A group of Gulf banks and investors plan to raise $9 billion by selling shares in a planned Islamic investment bank which will tap the rising liquidity in Muslim nations, a senior banker said on Monday.
The bank, tentatively named Ummar Bank, will have a paid-up capital of $11 billion, of which $2 billion will be raised in private equity placement, Sheikh Saleh Kamel told newswire Reuters in an interview.
Billionaire Kamel, the largest shareholder in Albaraka Banking Group, chairs the General Council of Islamic Banks and Financial Institutions, which is leading the project.
He declined to say when the initial public offering (IPO), the largest in the region, would take place, only that the stocks would first be floated on the Bahrain Stock Exchange.
Albaraka Chief Executive Adnan Yousif said in February that the bank plans to start operations in 2009.
"We will raise $2 billion in private equity
and the remainder of the normal shares will be raised in public offerings," Kamel said on the sidelines of an annual Islamic Development Bank governors' meeting in Jeddah.
"We started collecting funds for the private equity in May and we hope to complete this in June. We have raised [about] $500 million," Kamel said.
Among firms that have so far contributed are Albaraka and Kuwait Real Estate Bank.
"Dubai Islamic Bank and Kuwait Finance House are studying the project
IDB (Islamic Development Bank) have studied the idea and we are awaiting its board to make a decision," Kamel said.
The bank will aim mainly at creating a market for Islamic financial paper and develop new instruments, Kamel said.
"This will be a unique and global player.

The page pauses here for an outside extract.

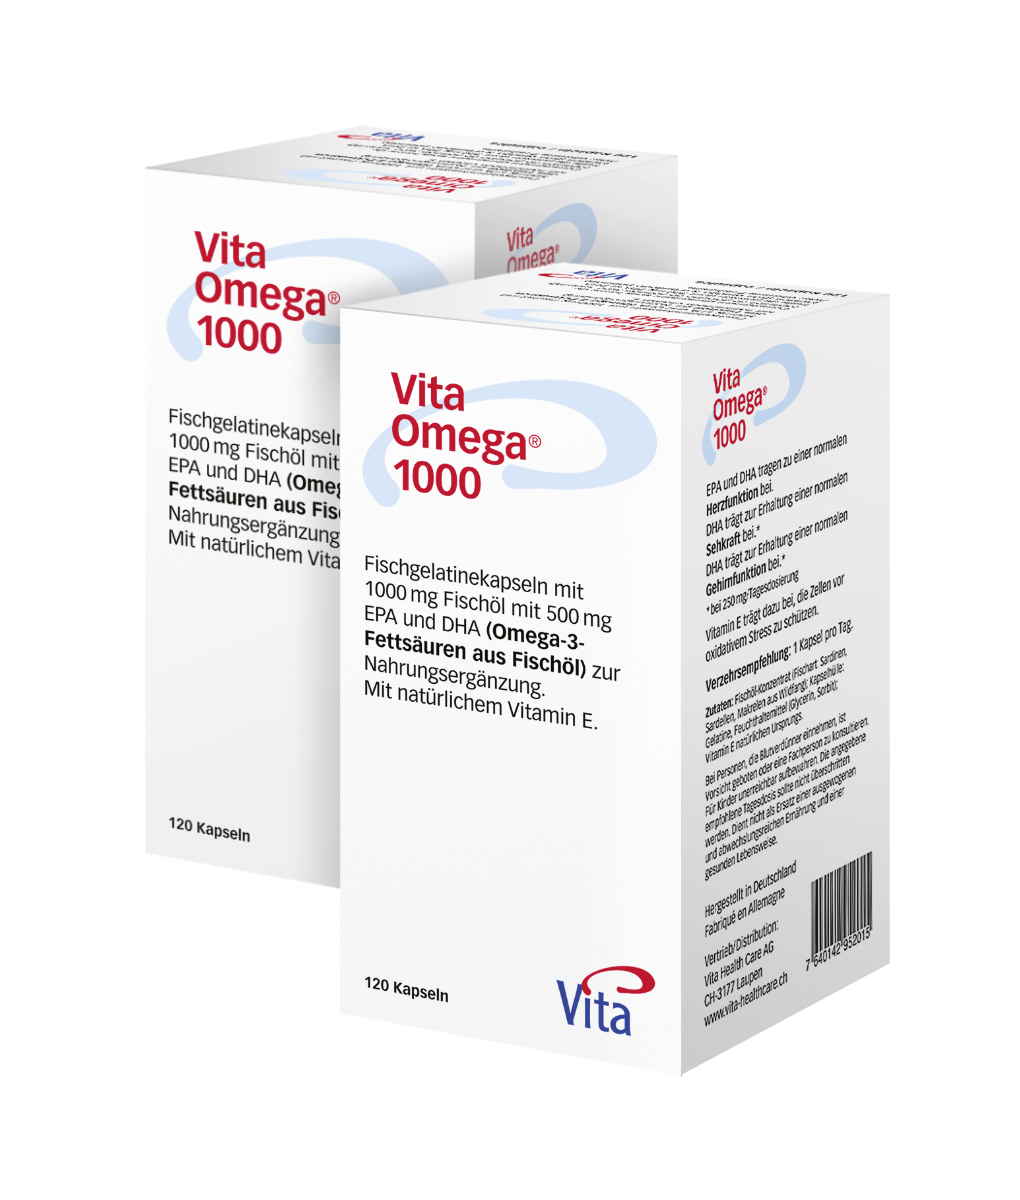 Vita Omega® 1000 &fish oil-Double pack

It will help Islamic banks raise liquidity by providing easy to trade and wholly sharia-compliant instruments," he said.
A feasibility study for the bank was conducted by Ernst & Young, which said in February that the value of assets under management in Islamic institutions has been growing at over 20% a year and reached $900 billion in 2007 and is set to hit $2 trillion by 2010.
"The investment funds that [Ummar Bank] will launch will be worth ten times the capital
we will issue asset-backed sukuk [Islamic bonds] worth up to $100 billion," Kamel said.
"This is not a lot when you know that Islamic banks have more than $200 billion invested in global commodities markets which is not benefiting anyone," Kamel added.